Six Republicans and five Democrats are vying for their parties' nomination Tuesday. The Republican front-runners are former radio host Mike Pence, who has strong name recognition, and Jeff Linder, a state representative. Mr. Pence leads in fund raising, with more than $291,000 as of March 31.
Doug Davidoff, Indiana Democratic Party spokesman, said there is no clear front-runner in his party.
The Indiana district leans Republican, but come November the GOP faces a potentially major complication. Bill Frazier, a former Republican candidate who lost to Mr. McIntosh in 1994 by fewer than 400 votes in the primary, intends to run as an independent and could siphon votes from the GOP.

Talk-show gift

Republican National Committee Chairman Jim Nicholson will come bearing gifts to the the New Media Seminar in New York City, sponsored by Talkers magazine this weekend.
The RNC, in a press release, said it has produced a compact disc containing 18 of Vice President Al Gore's most embarrassing moments, including statements that "Bill Clinton is one of our greatest presidents," "I invented the Internet," and Mr. Gore's famous line about "No controlling legal authority."
Mr.
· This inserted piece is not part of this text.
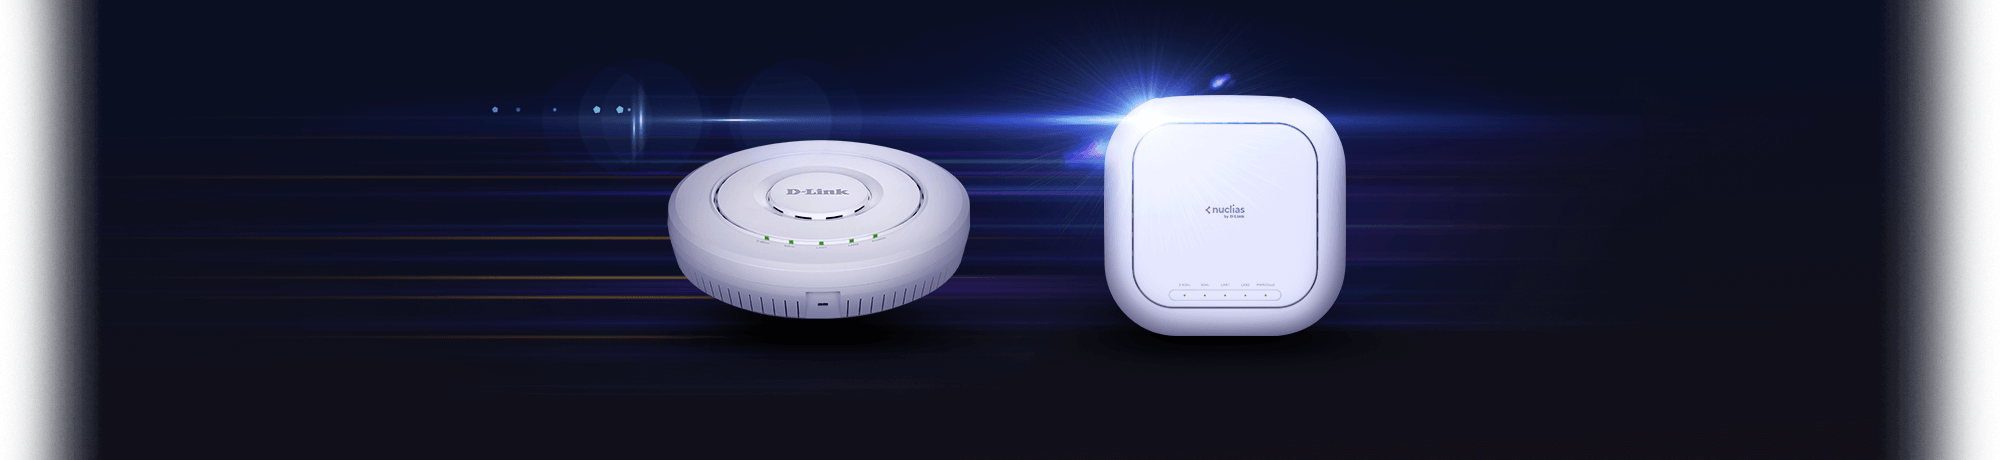 Wi-Fi 6 para entornos de alta densidad de usuarios con D-Link Nuclias

Nicholson will give away the CD to hundreds of talk-show hosts and producers attending the event, and will also ship the disc to talk-show hosts who request them.

Escaping the boxes

A survey scheduled to be released Friday by the American Civil Rights Institute shows that an overwhelming majority of Americans want to end the government's racial classifications.
The poll, conducted by Zogby International, found strong support for eliminating the race question on government forms, such as the census.
"Americans are tired of these silly little boxes," said Ward Connerly, chairman of the Institute. "They want to put an end to America's long affair with racial classifications."
Nearly 4 in 5 voters (77 percent) want the government to completely dispense with race boxes on government forms, the survey found, including 71.7 percent of Democrats and 64.6 percent of blacks.
"Even when told that getting rid of these boxes may prevent authorities from identifying some discrimination, a majority (58 percent) of American voters want to get rid of the race boxes on government forms," the group said in a prepared statement.

Citizen Coors

"Nostalgic for the heady days of the conservative revolution? A new book 'Citizen Coors: An American Dynasty' details the unconventional brewing family's efforts to build a Right-thinking ideas infrastructure in Washington," National Journal reports.
"Author Dan Baum, a former Wall Street Journal reporter, evenhandedly sketches the Coors' doings in the 1970s and early 1980s, including the family's efforts to champion Paul Weyrich (then a little-known Senate press secretary), James Watt (an out-of-work bureaucrat who, thanks to the Coors, was later named Interior secretary), and Oliver North (who, according to the book, gladly took Joe Coors' money to arm the Nicaraguan Contras)."

Incorruptible

Only corrupt lawmakers can be bought.
That is Texas Gov. George W. Bush's response to those who have criticized his raising funds from big-money donors. The critics say Mr. Bush is now beholden to his donors.
"Either you're crooked or you're not crooked, I guess is the way to put it bluntly," he said on Thursday night's PBS "NewsHour with Jim Lehrer." "Either you're somebody who can be bought, or you're somebody who's running on principle. My job is to convince the American people that I'm a man running on principle."
Besides his own record-shattering primary fund-raising machine, Mr. Bush helped the Republican Party raise a record $21.3 million Wednesday night at a Washington gala.